Why do the two length headers cause the problem?
HTTP/1.1 gives two ways to declare how long a body is. Content-Length states the byte count up front, while Transfer-Encoding: chunked sends the body as sized chunks ending in a zero length chunk. When one request carries both headers and they point at different boundaries, servers can disagree. RFC 9112 section 6.3 says Transfer-Encoding wins and warns the request may be a smuggling attempt, but not every server obeys, and the ones that disagree are the ones an attacker chains against.
What are CL.TE, TE.CL, and TE.TE?
They name which header each server trusts. CL.TE means the front end honors Content-Length and the back end honors Transfer-Encoding, so the back end stops at the zero chunk and leaves the rest as a smuggled prefix. TE.CL is the reverse. TE.TE is when both support chunked, so the attacker obfuscates the Transfer-Encoding header, for example with odd spacing or a misspelling, so one server stops honoring it and the chain desyncs again.

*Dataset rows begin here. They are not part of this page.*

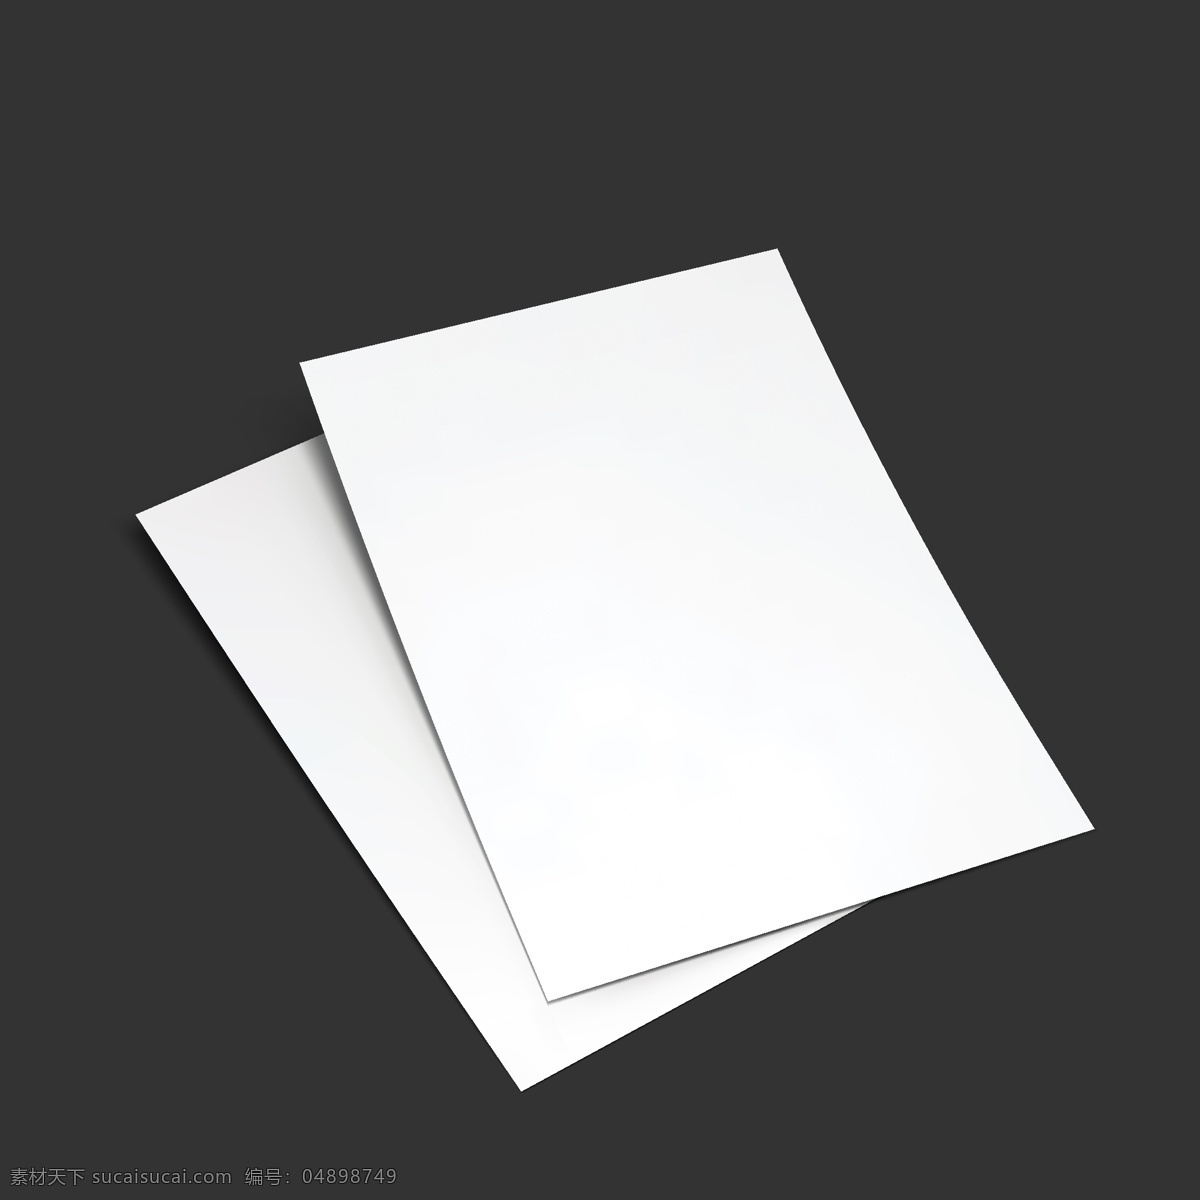 空白纸张 空白画册展示 空白折页 二折页 模板 空白 宣传页 打印纸 空白a4纸 传单 杂志 纸 纸张 效果 展示 样机 画册设计 名片卡片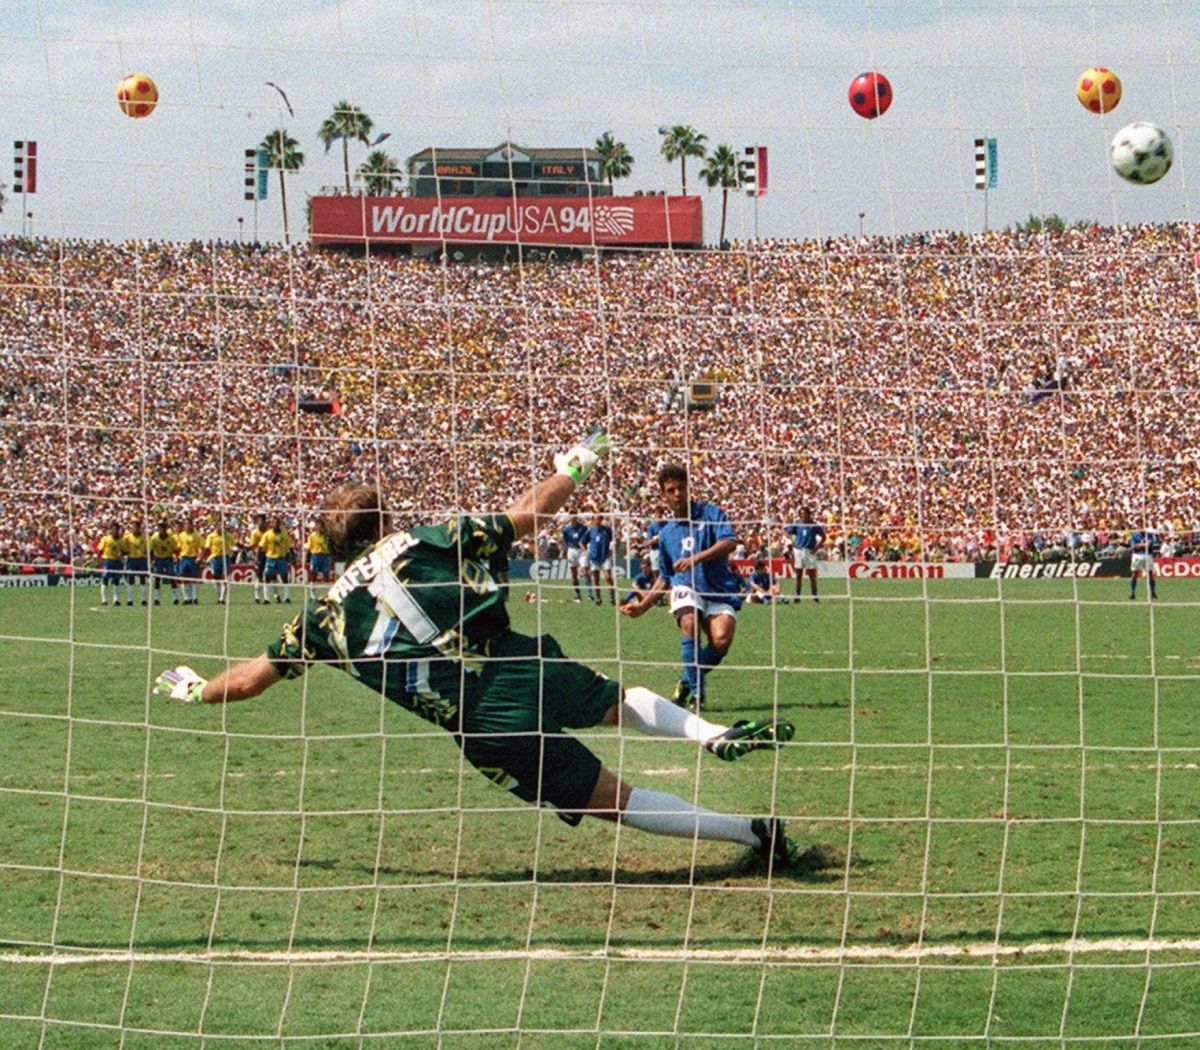 soccer-world-cup-1994-bra-ita-5b8be0c5f3d0da4b1c000001.jpg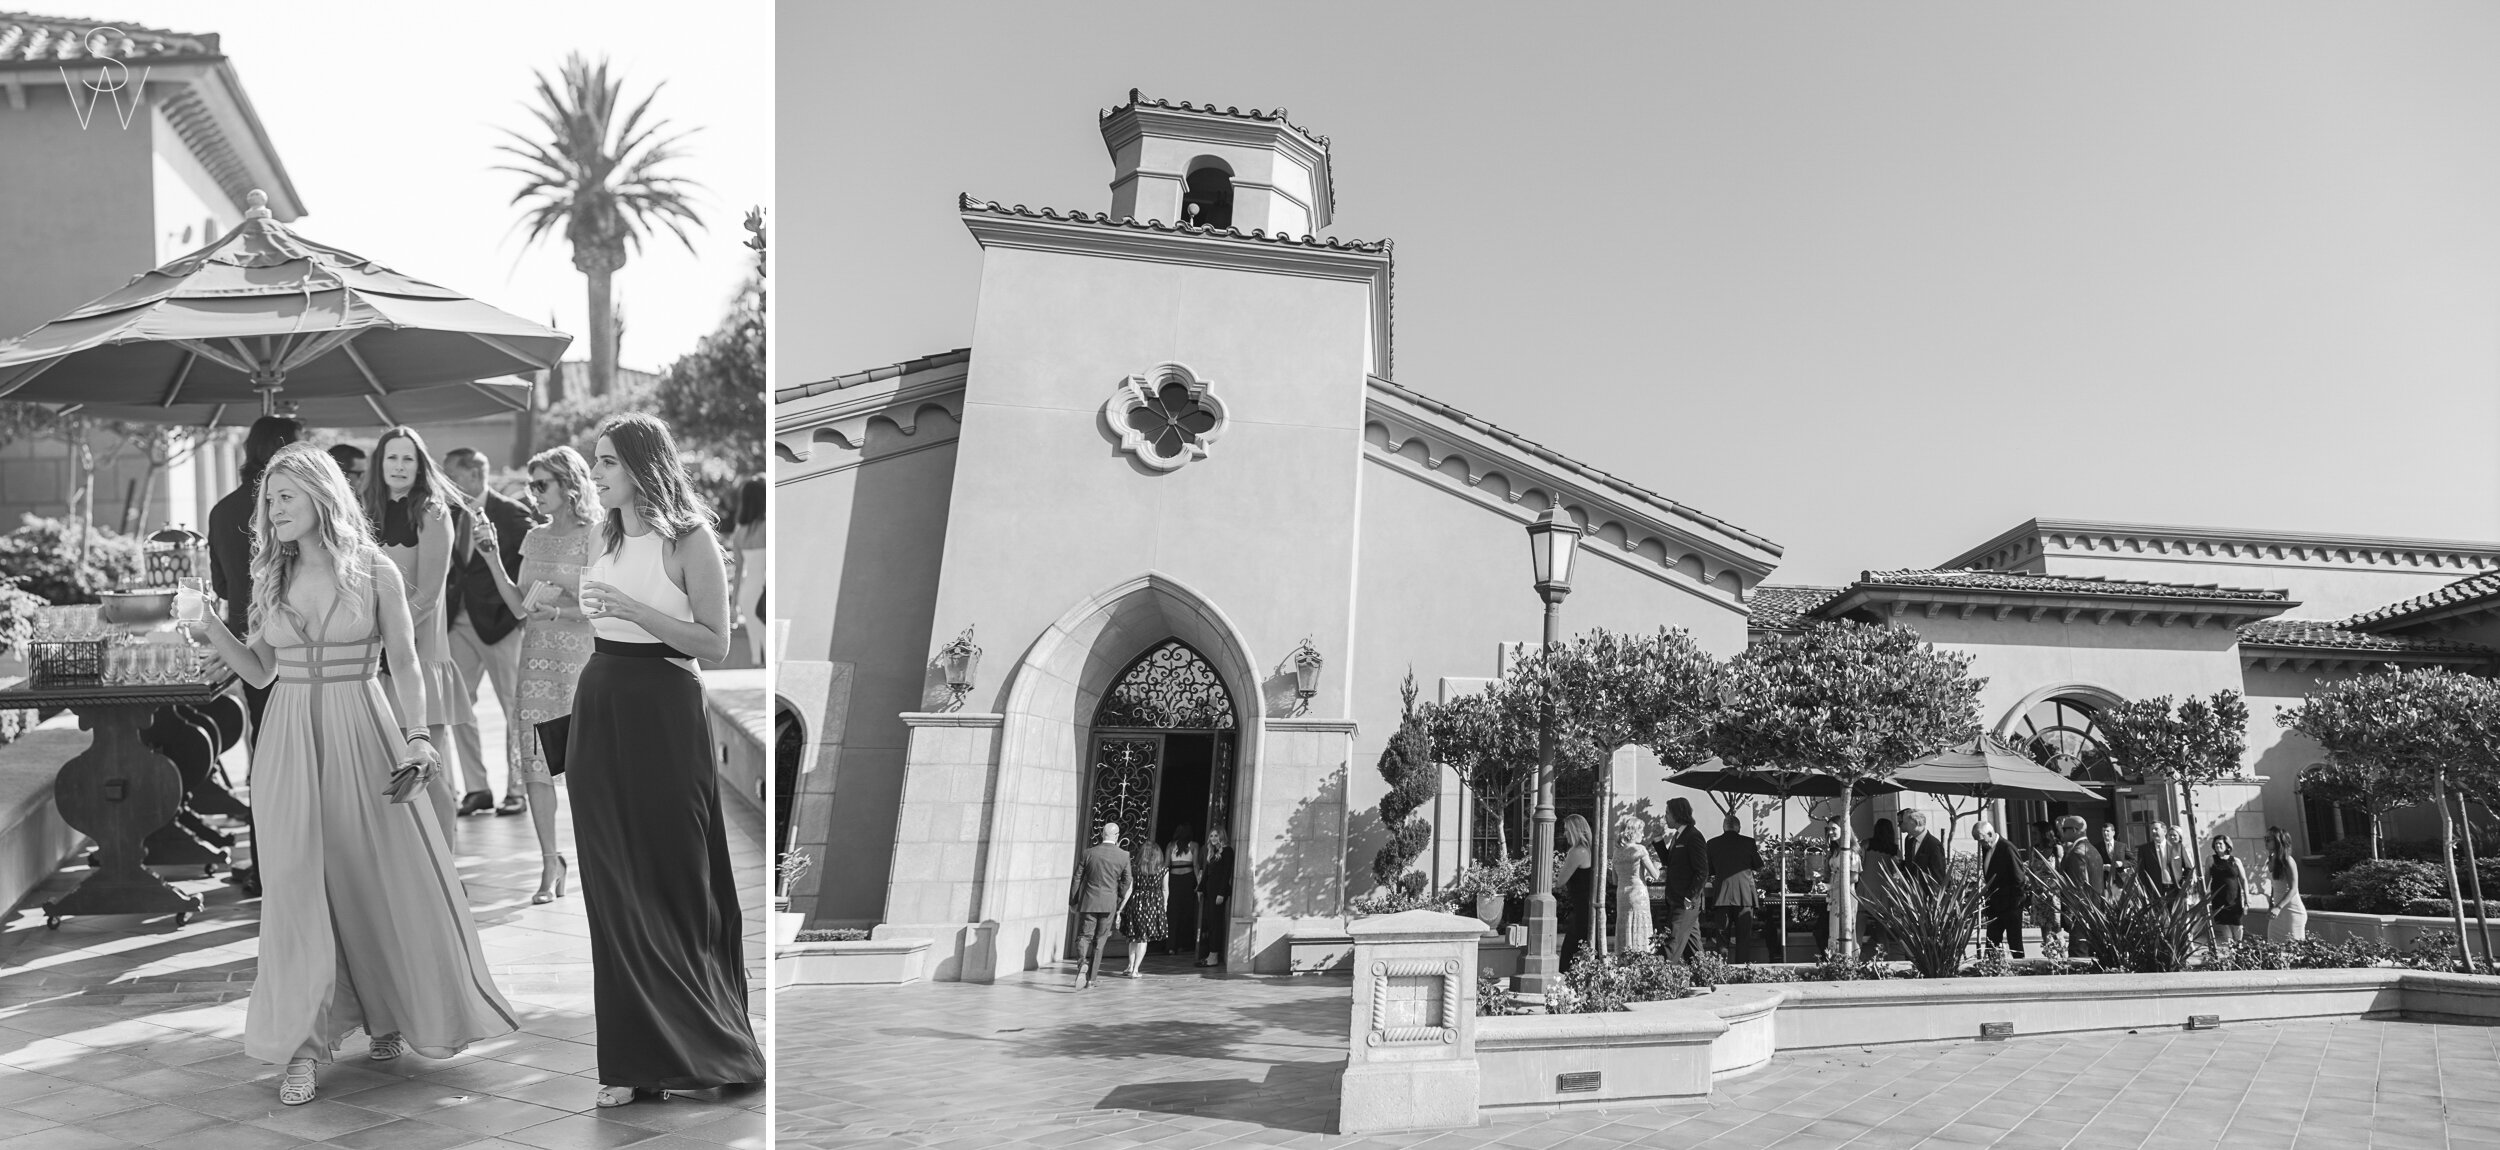 San Diego Wedding Photography Shewanders

Doesn’t HTTP/2 prevent request smuggling?
End to end HTTP/2 mostly does, because it carries each body in binary frames with a built in length, leaving no room for two text headers to disagree. The risk returns when a front end accepts HTTP/2 from the internet and downgrades each request to HTTP/1.1 for the back end. If it forges a wrong content-length (H2.CL) or forwards a transfer-encoding it should have rejected as malformed (H2.TE), the back end desyncs just like before. Using HTTP/2 to the back end too, or validating length against the real frames, removes the gap.